There was no future for them. Maybe there had never been a chance of one. They carried so much baggage now it was impossible. Angela Phillips. Jimbo and Tommy O’Donnell. Shifter Brown. So many images flitted through her mind whenever she thought of Mike. Which was still most of the time. And yet the pair of them were eternally plagued by doubts. In every direction. Their lives together, inasmuch as they had ever been together, tainted with suspicion and betrayal.
Mike Fielding and Joanna Bartlett. An unlikely coupling caught up in a tangled web that was all too often of their own making.
She accepted absolutely now that Mike had not hired Shifter and that he had been framed. But she still didn’t trust him. How could she? She could never be sure of anything about him. He was so unlike Paul in that. You could always be sure of Paul.
She knew damned well that if she had gone along with him on the phone, told him what she suspected he had, at that moment at any rate, wanted to hear, told him she’d leave Paul, her daughter, everything to be with him, by the next day he’d probably have changed his mind.
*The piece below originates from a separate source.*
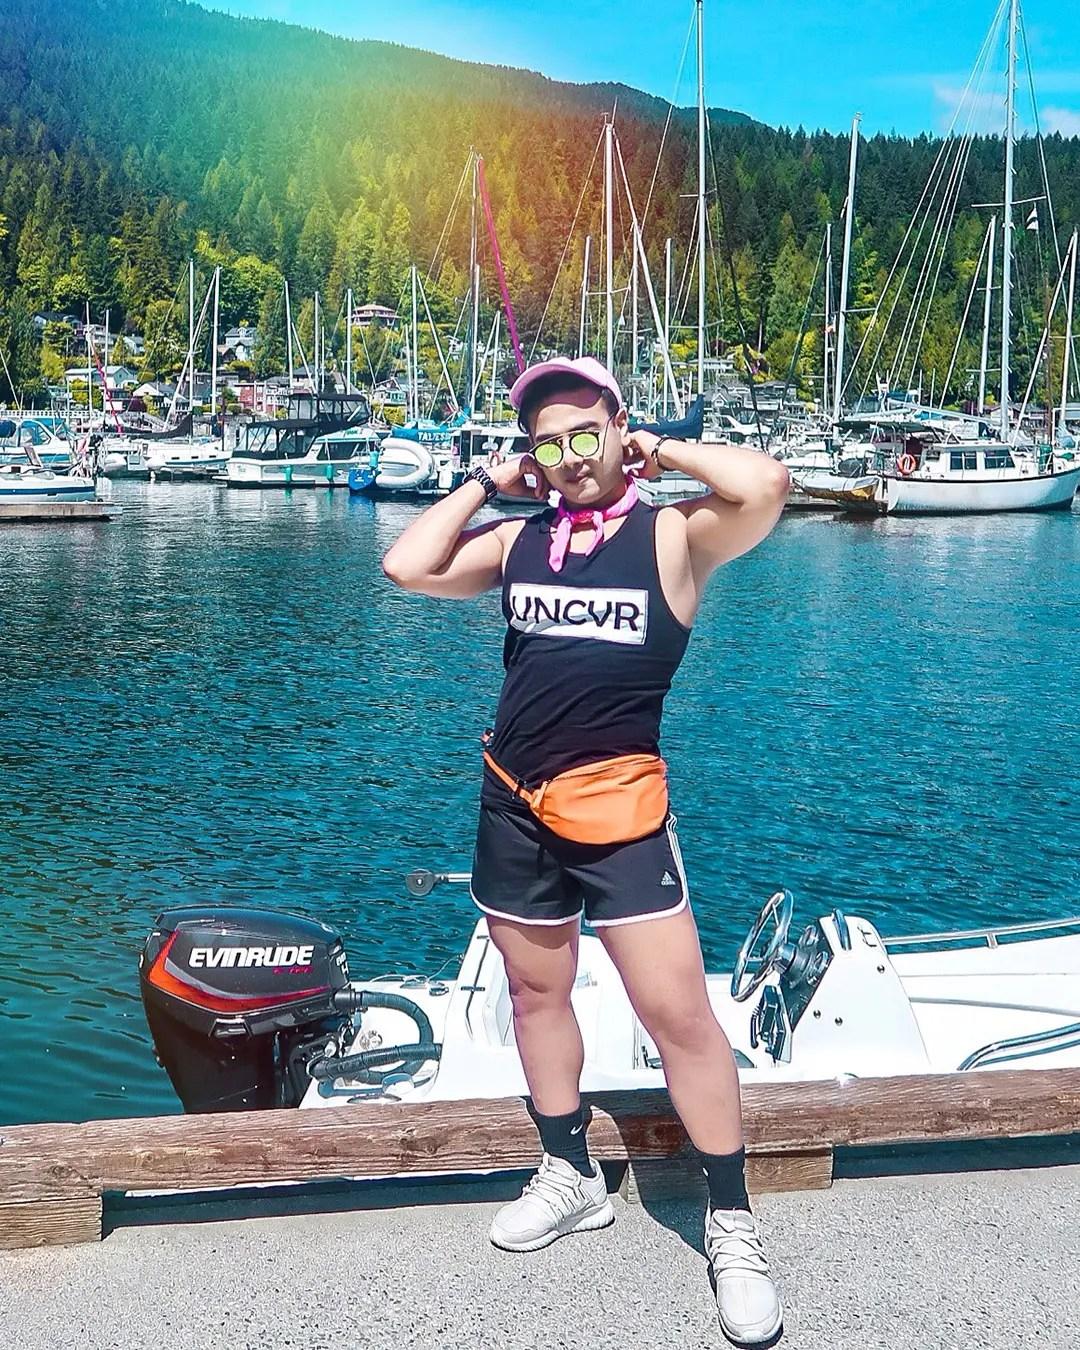 Festival Fashion Visiting Vancouver Jonathan Waiching Ho_Travel Blogger Influencer_Summer fashion men Canada Social Media Influencer_Adidas Shorts Summer Tank Vacay Style Beach Wear_Toronto Influencer Top Canada

She knew she had made the right decision. She just knew it. It was the only decision. But that didn’t make it any easier.
The tears came freely pouring down her cheeks. She’d done a lot of crying lately. But it never seemed to help.
She flung herself full-length on the bed and buried her face in the pillows. An era had ended for good. It was over. And so at last was the case of Angela Phillips and James Martin O’Donnell.
Even in her misery it occurred to her that there had finally been a kind of rough justice.